Media is more easily commodified when it assumes rigid forms. When a "package" exists, it's relatively easy — and cost-effective — to replicate it again and again with little effort or creativity. And when commercial broadcast media defines what is "legitimate", the imagination of the people decays, their capacity to create is harder to draw upon, their tolerance for experimentation and "amateurism" diminishes. Illegitimate

Theater, like other patterns in this language, has unsavory manifestations as well: burning a cross in the yard of an African-American or other ethnic minority, militaristic parades and rallies, public intimidates. Since "performance" likely predates language, its effects on people can be deep; it can unlock hate as well as love, anger as well as reason and compassion. Theater, whether legitimate or not, can be driven by emotion and therefore less analytic than many other patterns in this language. Illegitimate

Theater blurs or even negates the line between spectators and performers. In its extreme version everybody, all the time, is an actor. And "actors" in public performances can also be "actors" in social life, actors who help make things happen — for good or for ill. Although our life "in public" is a series of performances, our roles are often construed as "bit parts." But every moment is a "teachable moment;" every public appearance is an opportunity to do something new and to experience something new. Thus anybody, at least in theory, can practice the craft of illegitimate theater. The "performances" that come from this practice can be simple or elaborate, impromptu or painstakingly rehearsed. The point is to cause ripples in the everyday stream of life.

Illegitimate theater, like is predecessors "legitimate" or otherwise, can be used to provoke emotional reactions, discussion or reflection. Practiced successfully and in a great number of venues, illegitimate theater could help foster positive social change and increased democratization of culture.

Solution: 

Illegitimate theater represents a intriguing set of possibilities for interactions between people that can lead to social change.
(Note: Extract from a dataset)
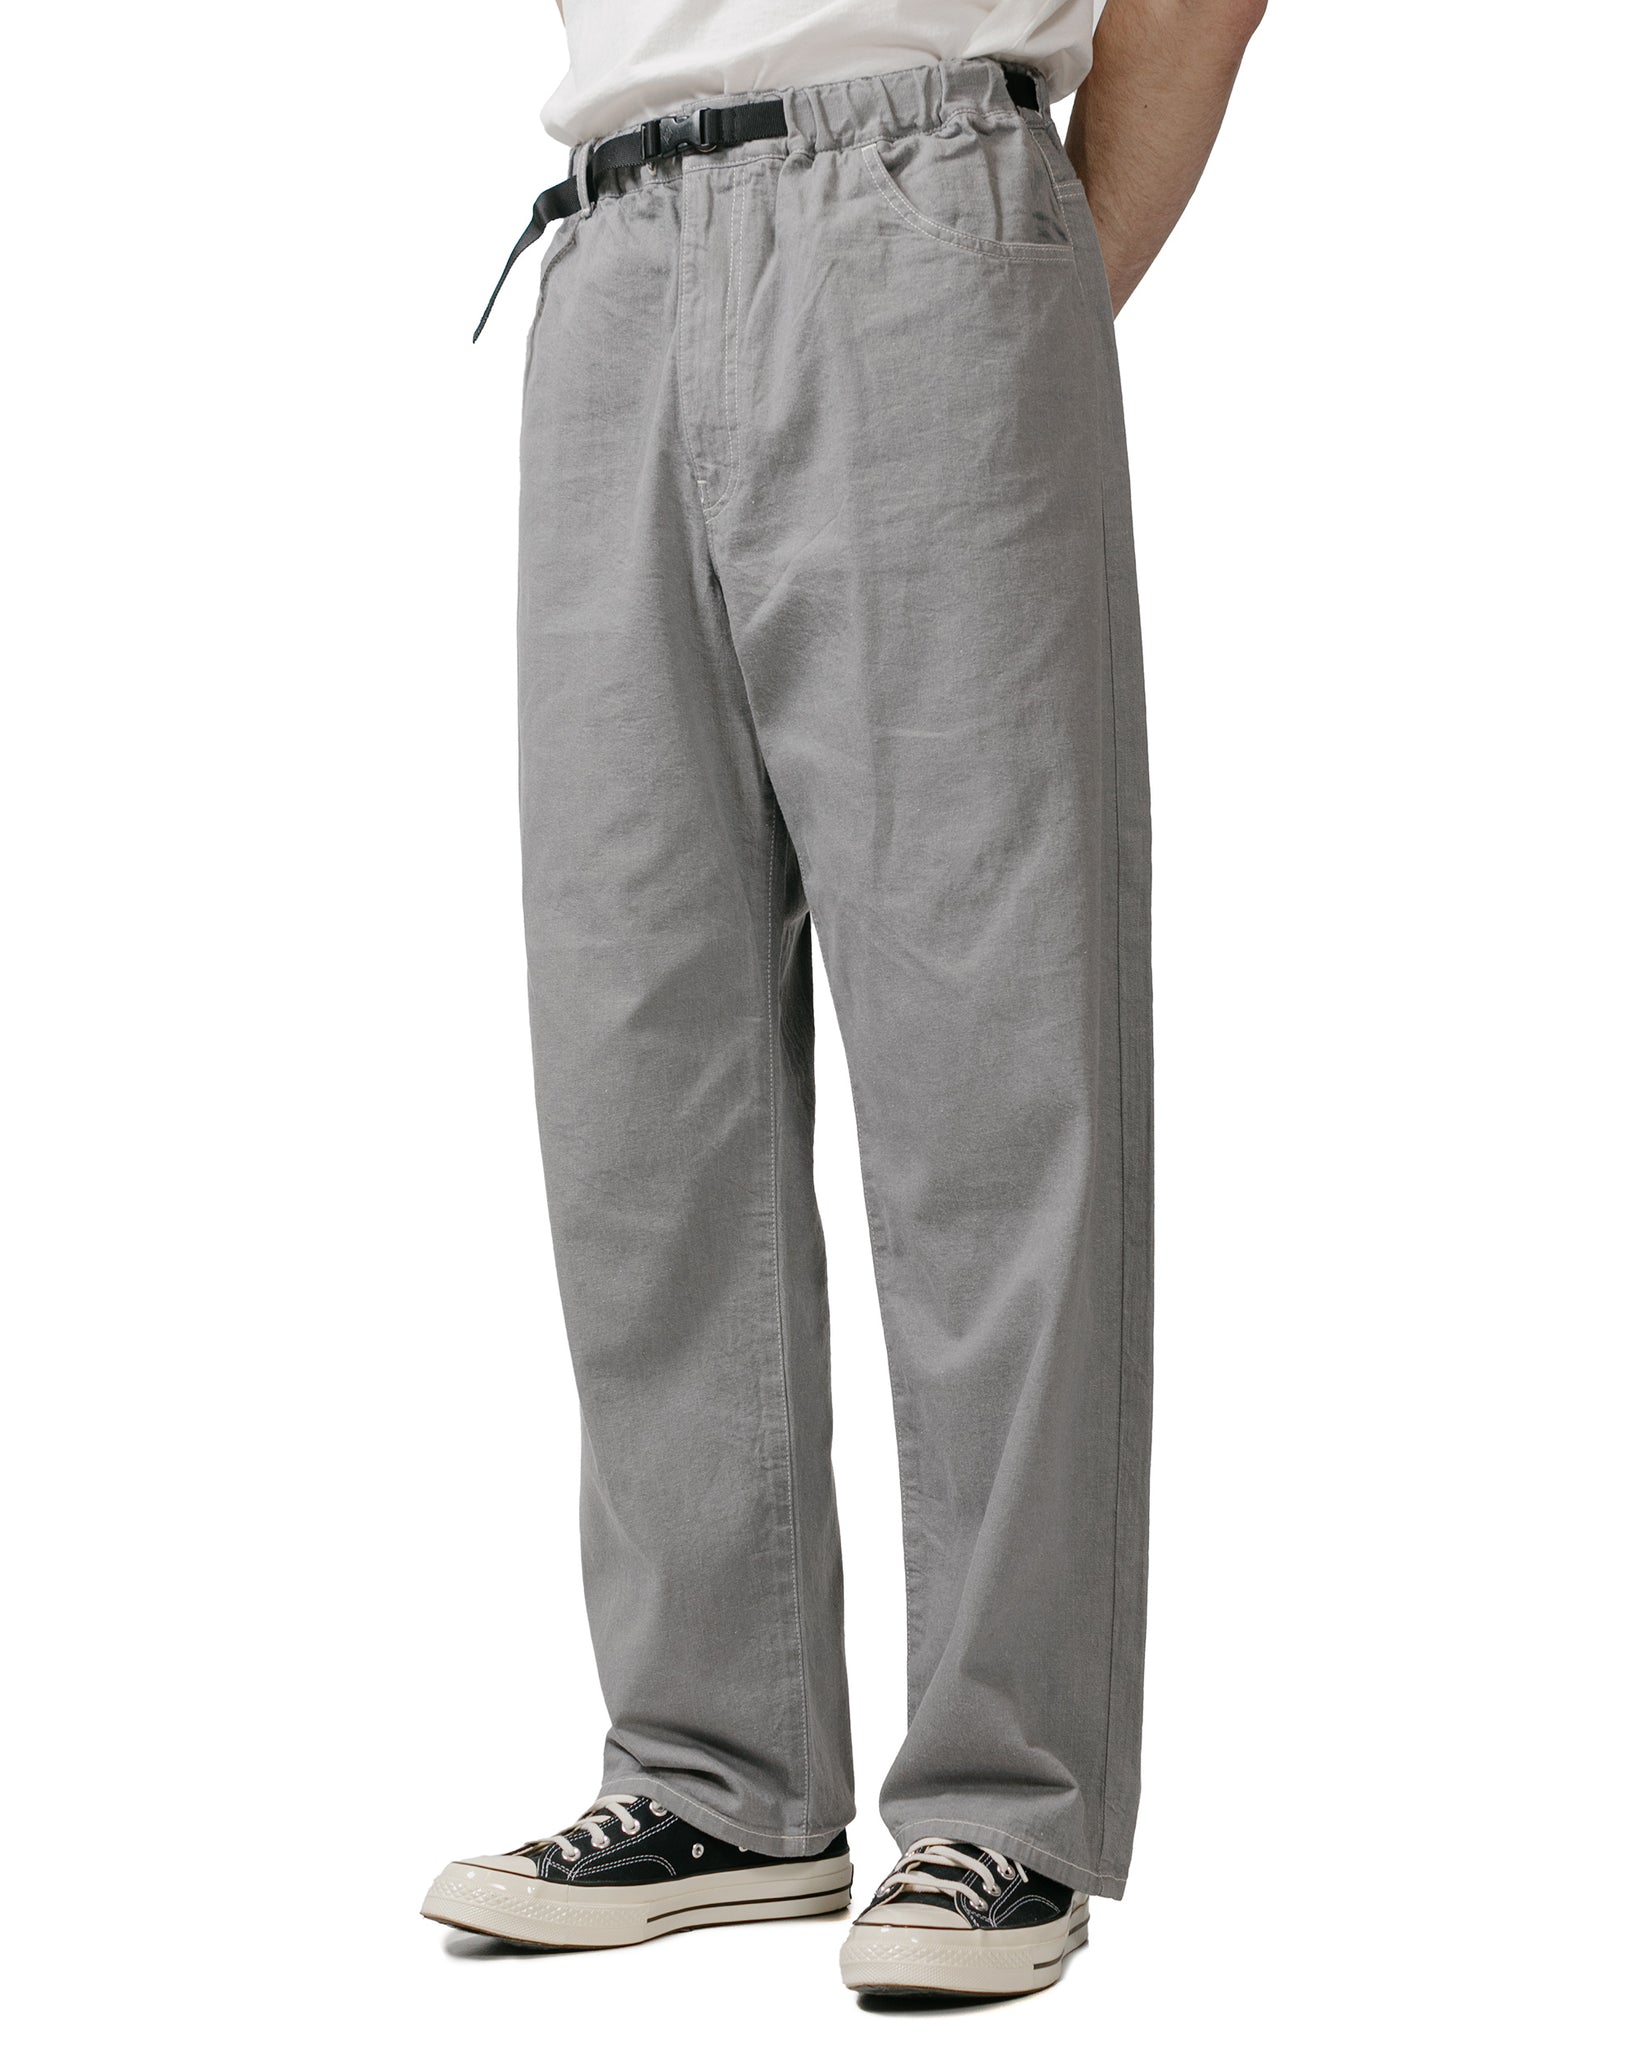 Danton Colour Denim Belted Easy Pant Grey model front

Performance as a deeply human phenomenon can be explored by audience and performers alike in our quest for a better world.
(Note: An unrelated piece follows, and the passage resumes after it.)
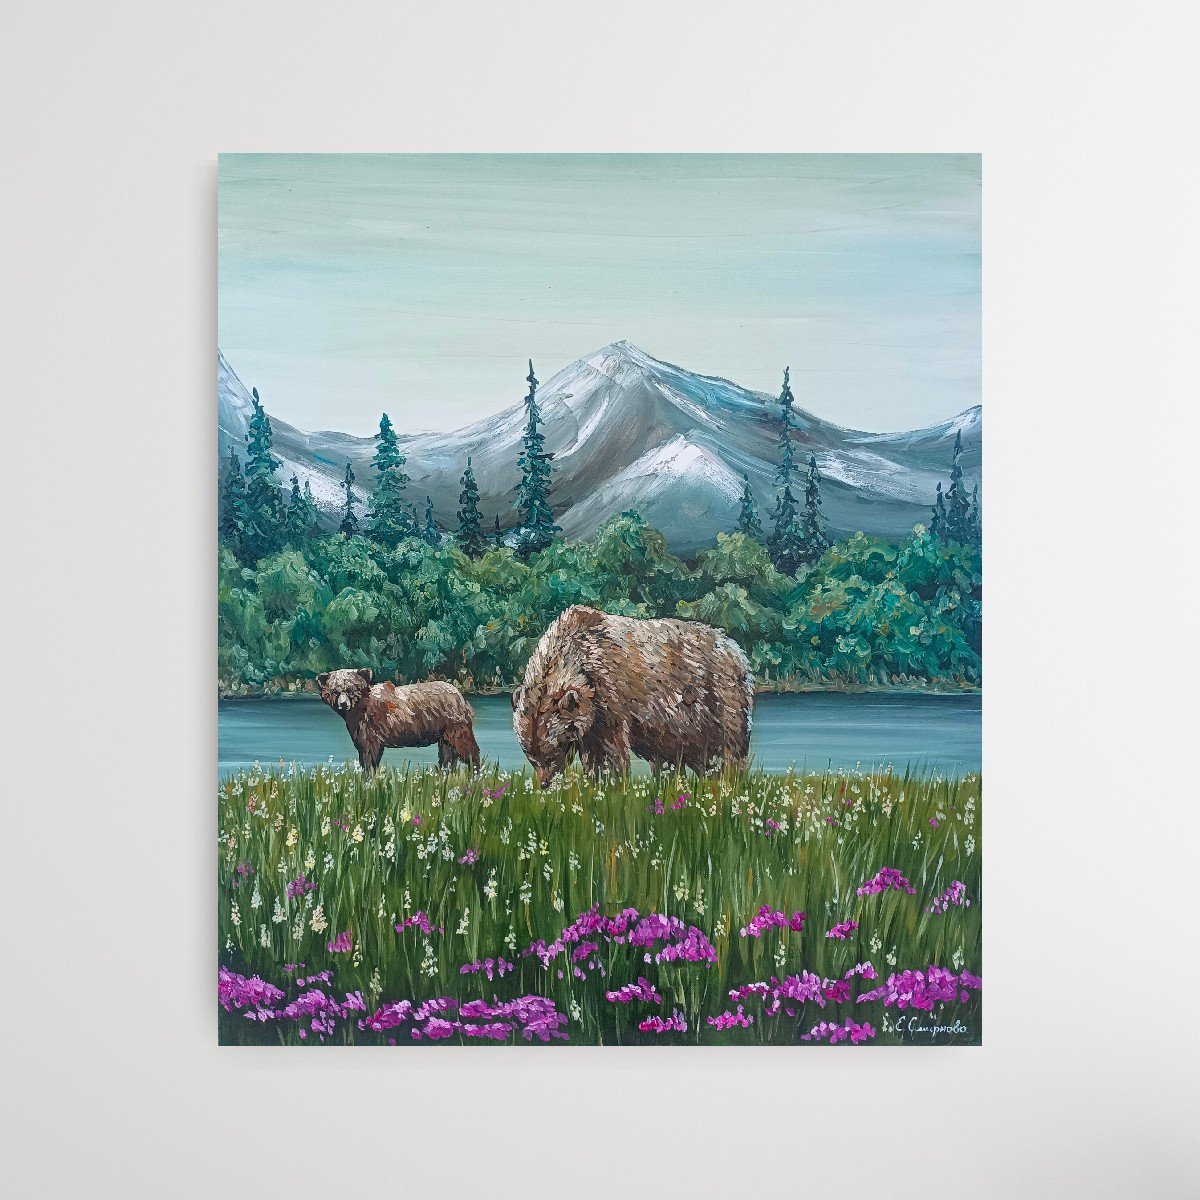 Landscape with bears by Evgenia Smirnova

Verbiage for pattern card: 

Theater, viewing and participating in performances, is an ancient yet vital cultural force. Theater — particularly its "illegitimate" forms — can punctuate the ordinary and evoke new and unexpected experiences. Anybody can practice Illegitimate Theater that causes ripples in the everyday stream of life. It can be used to provoke emotional reactions, discussion or reflection. It can even help foster social change and the democratization of culture.